---------- DATASET SECTION

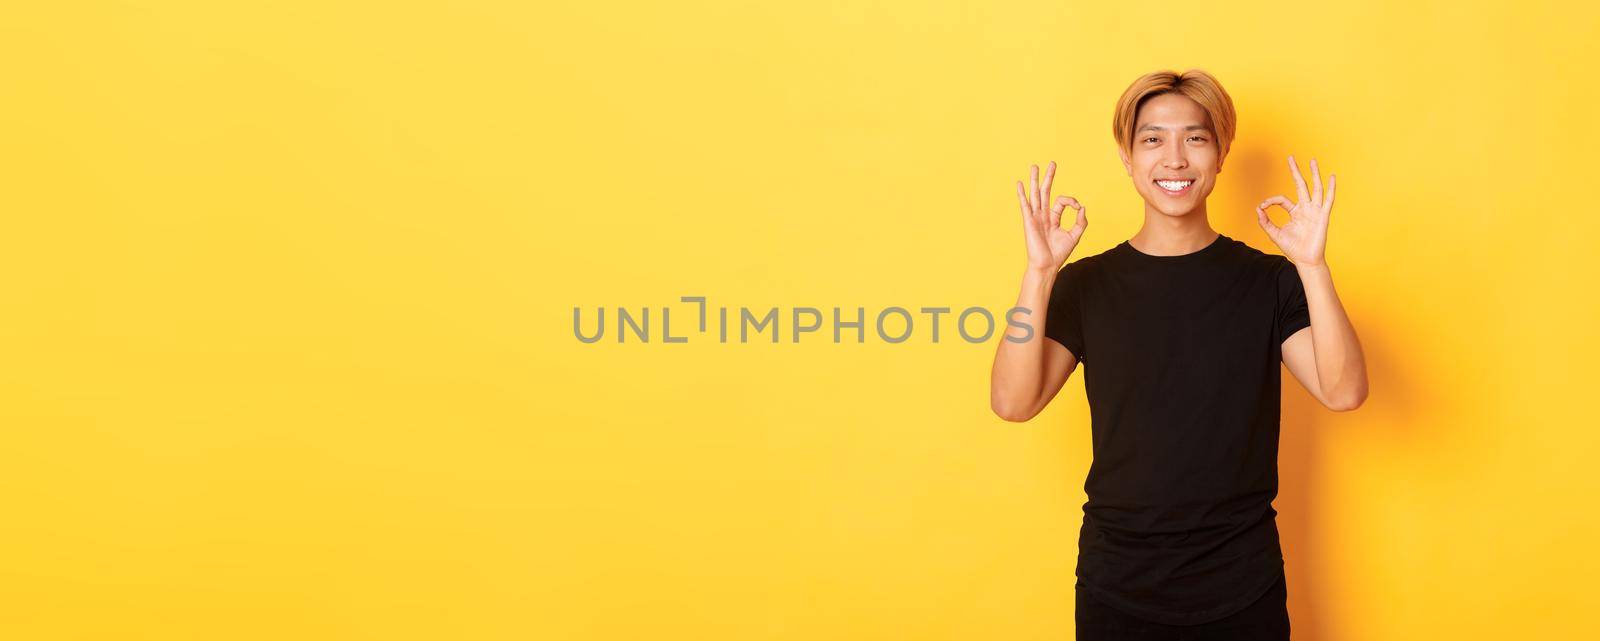 Portrait of smiling confident asian guy, looking pleased, showing okay gesture, yellow background.
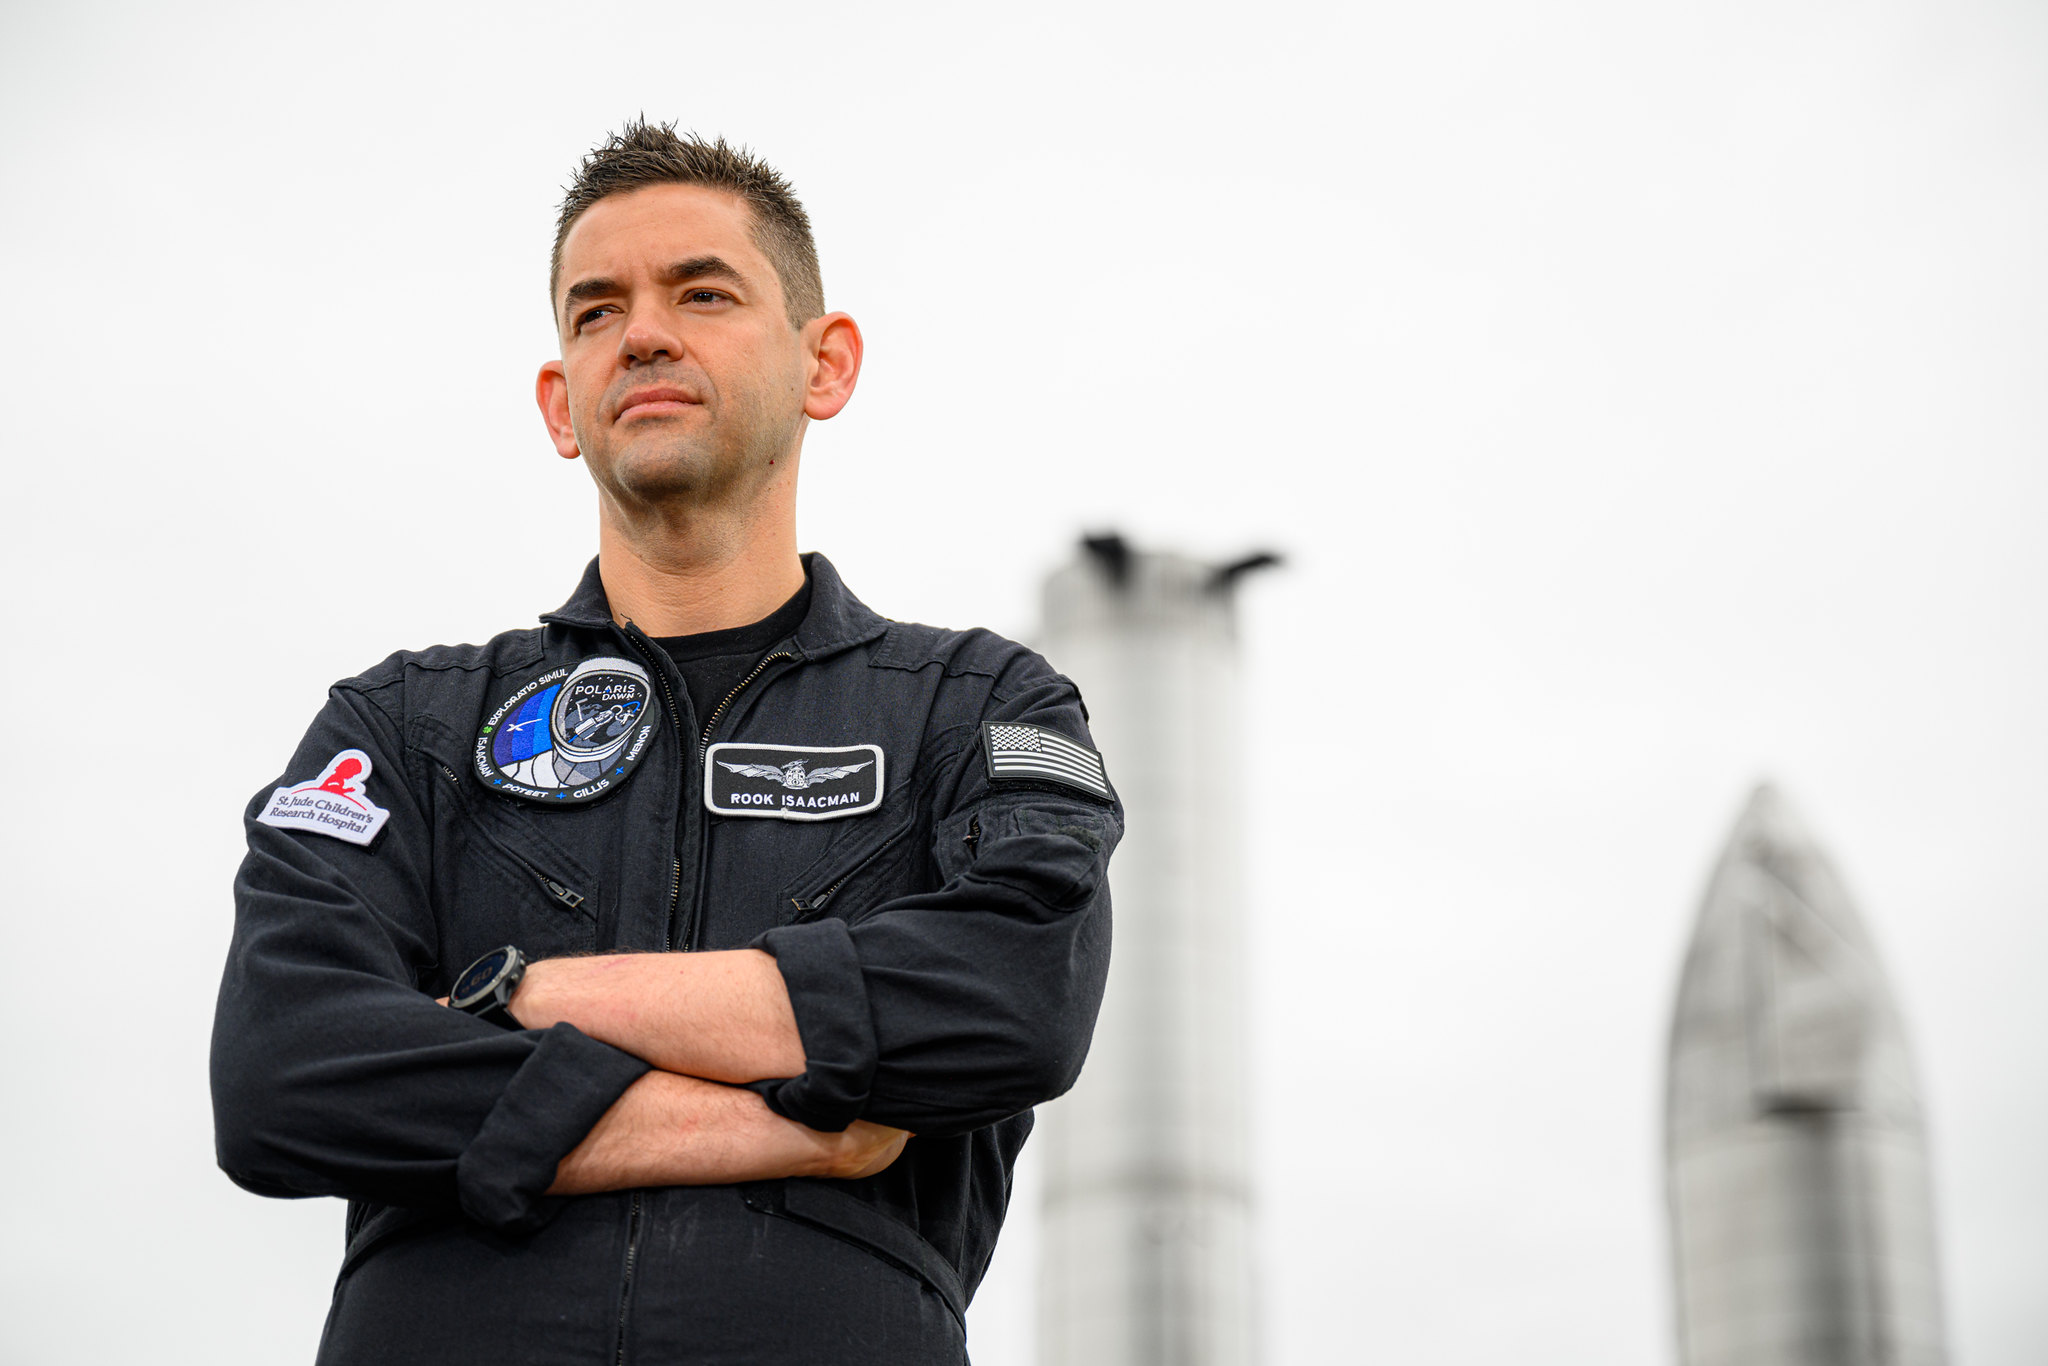 Billionaire Jared Isaacman will command the Polaris Dawn civilian astronaut mission aboard the SpaceX Dragon spacecraft in late 2022.
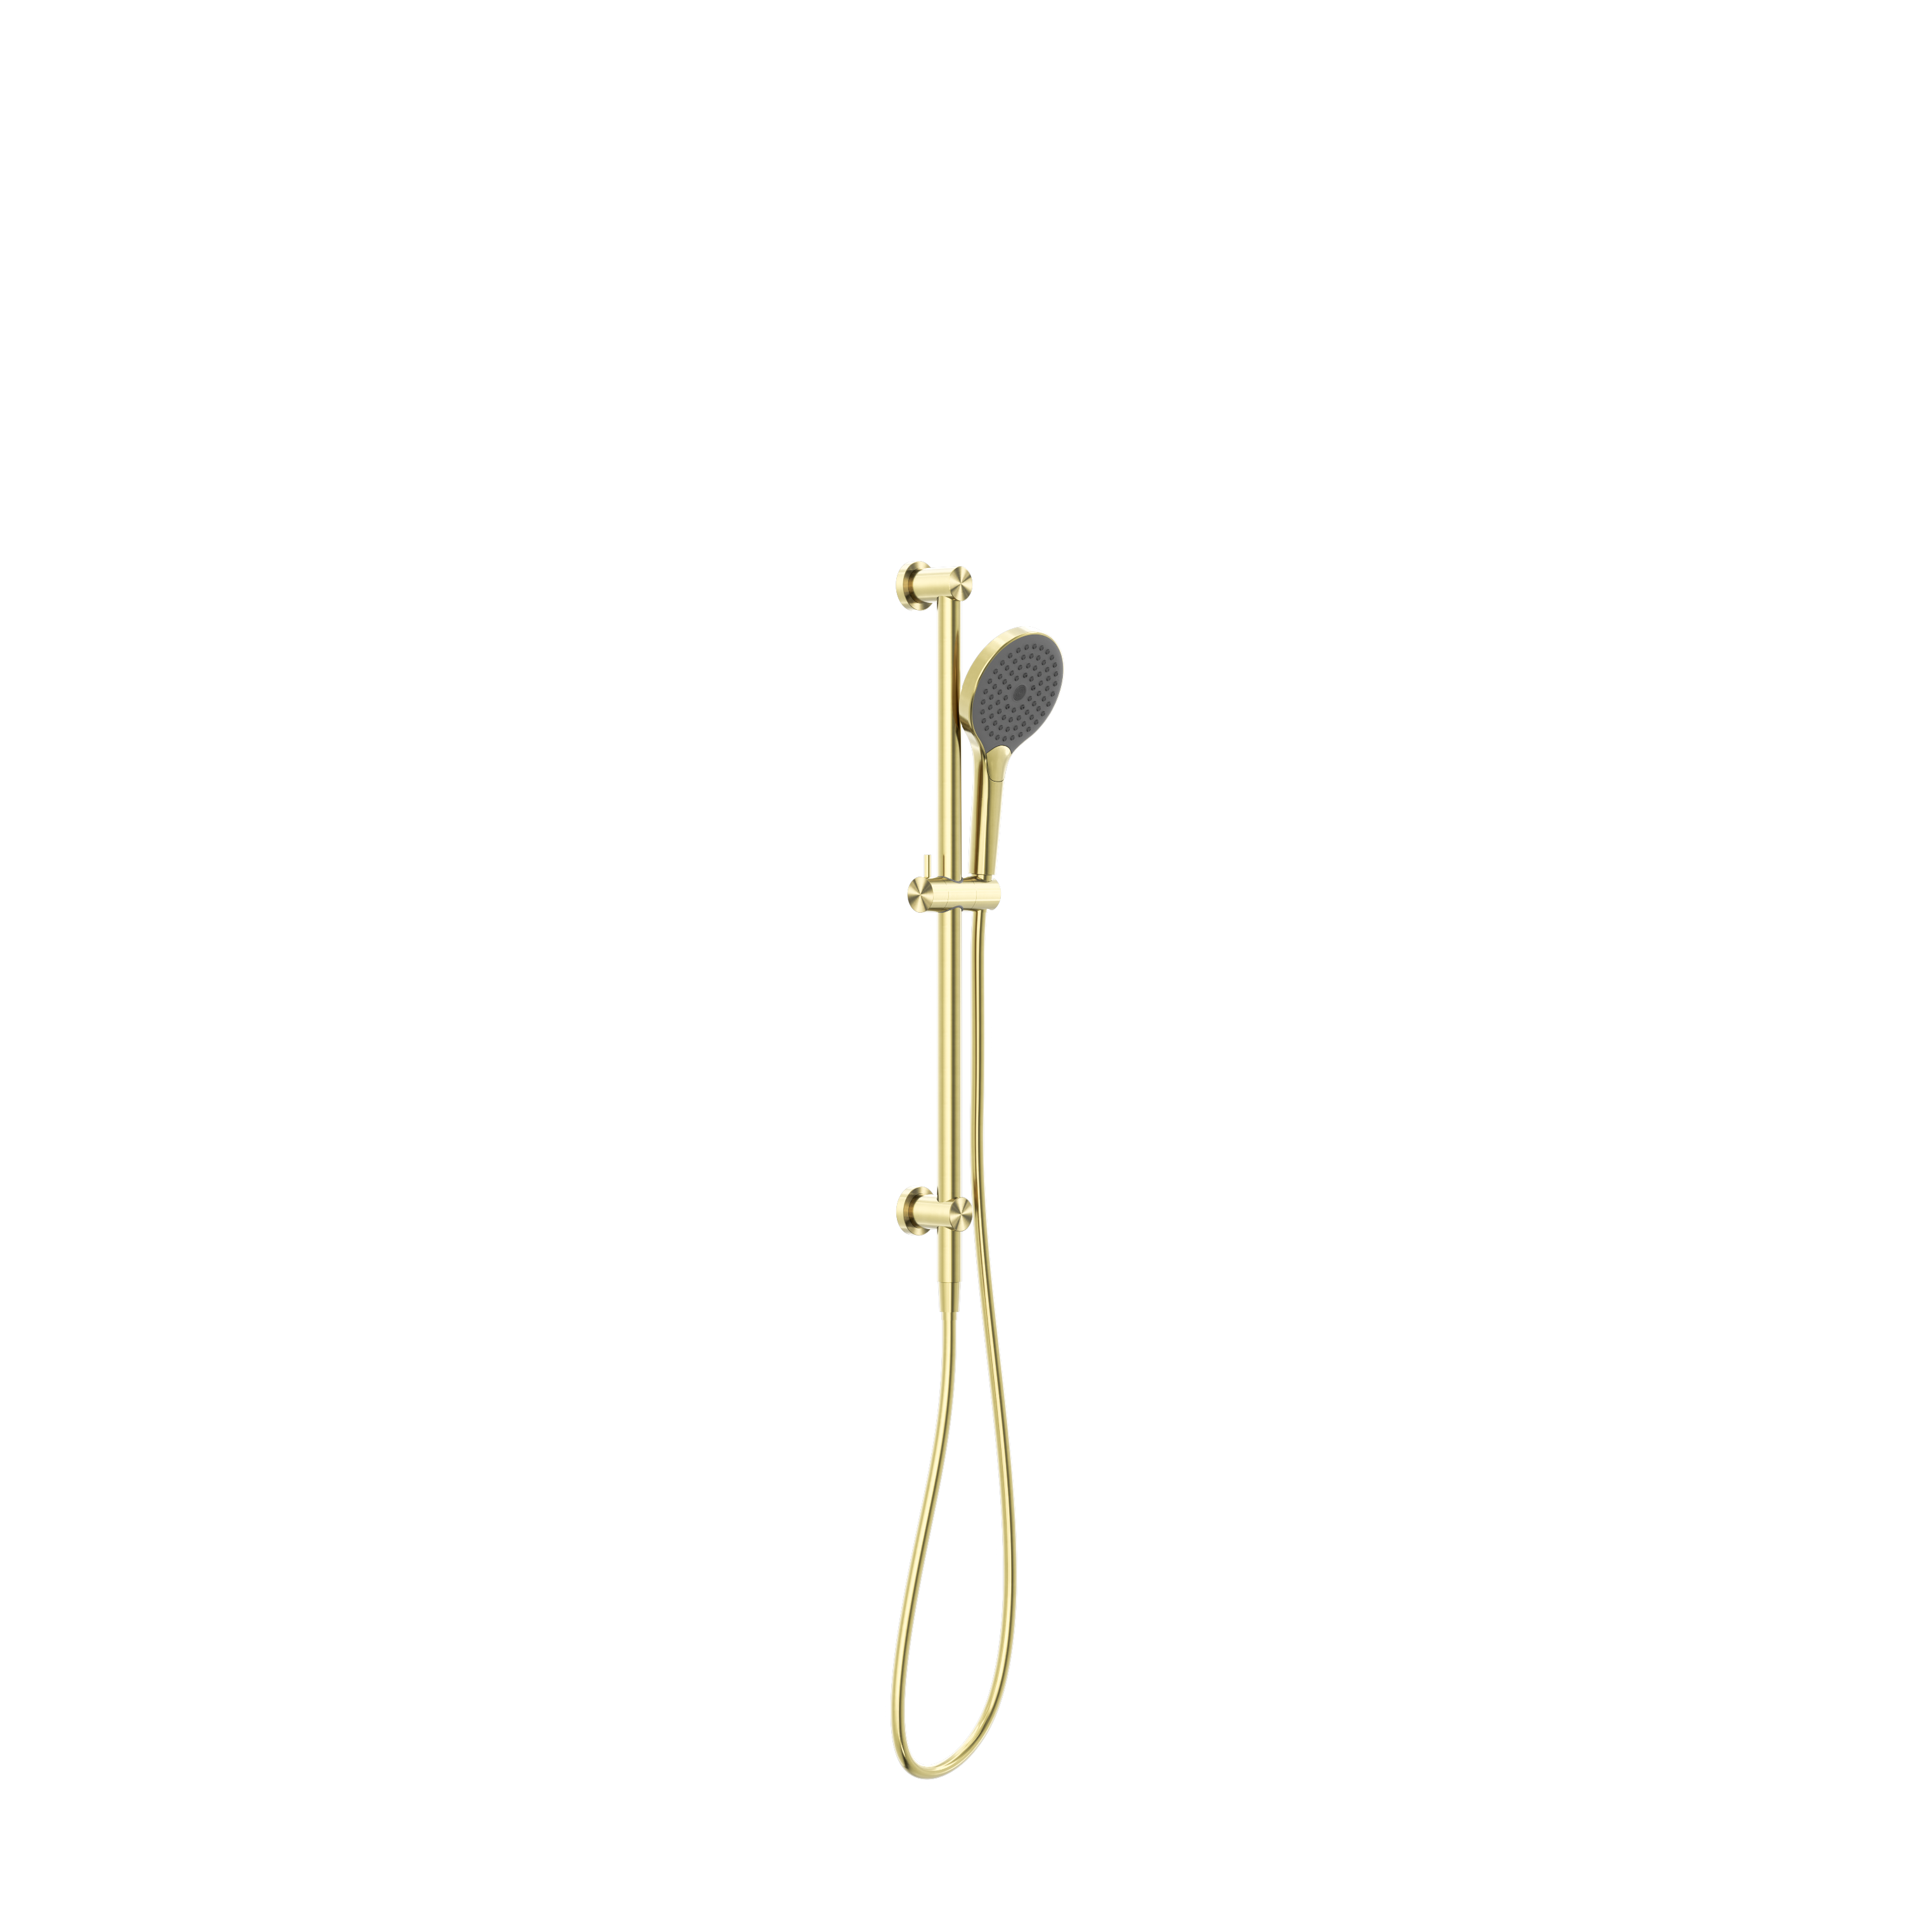 NERO MECCA SHOWER RAIL WITH AIR SHOWER II BRUSHED GOLD

--------------------

WORK TO BE COMPLETED: Restate the material above exactly. Exclude all pictures.

RESULT OF THIS TASK:
 Portrait of smiling confident asian guy, looking pleased, showing okay gesture, yellow background.
 Billionaire Jared Isaacman will command the Polaris Dawn civilian astronaut mission aboard the SpaceX Dragon spacecraft in late 2022.
 NERO MECCA SHOWER RAIL WITH AIR SHOWER II BRUSHED GOLD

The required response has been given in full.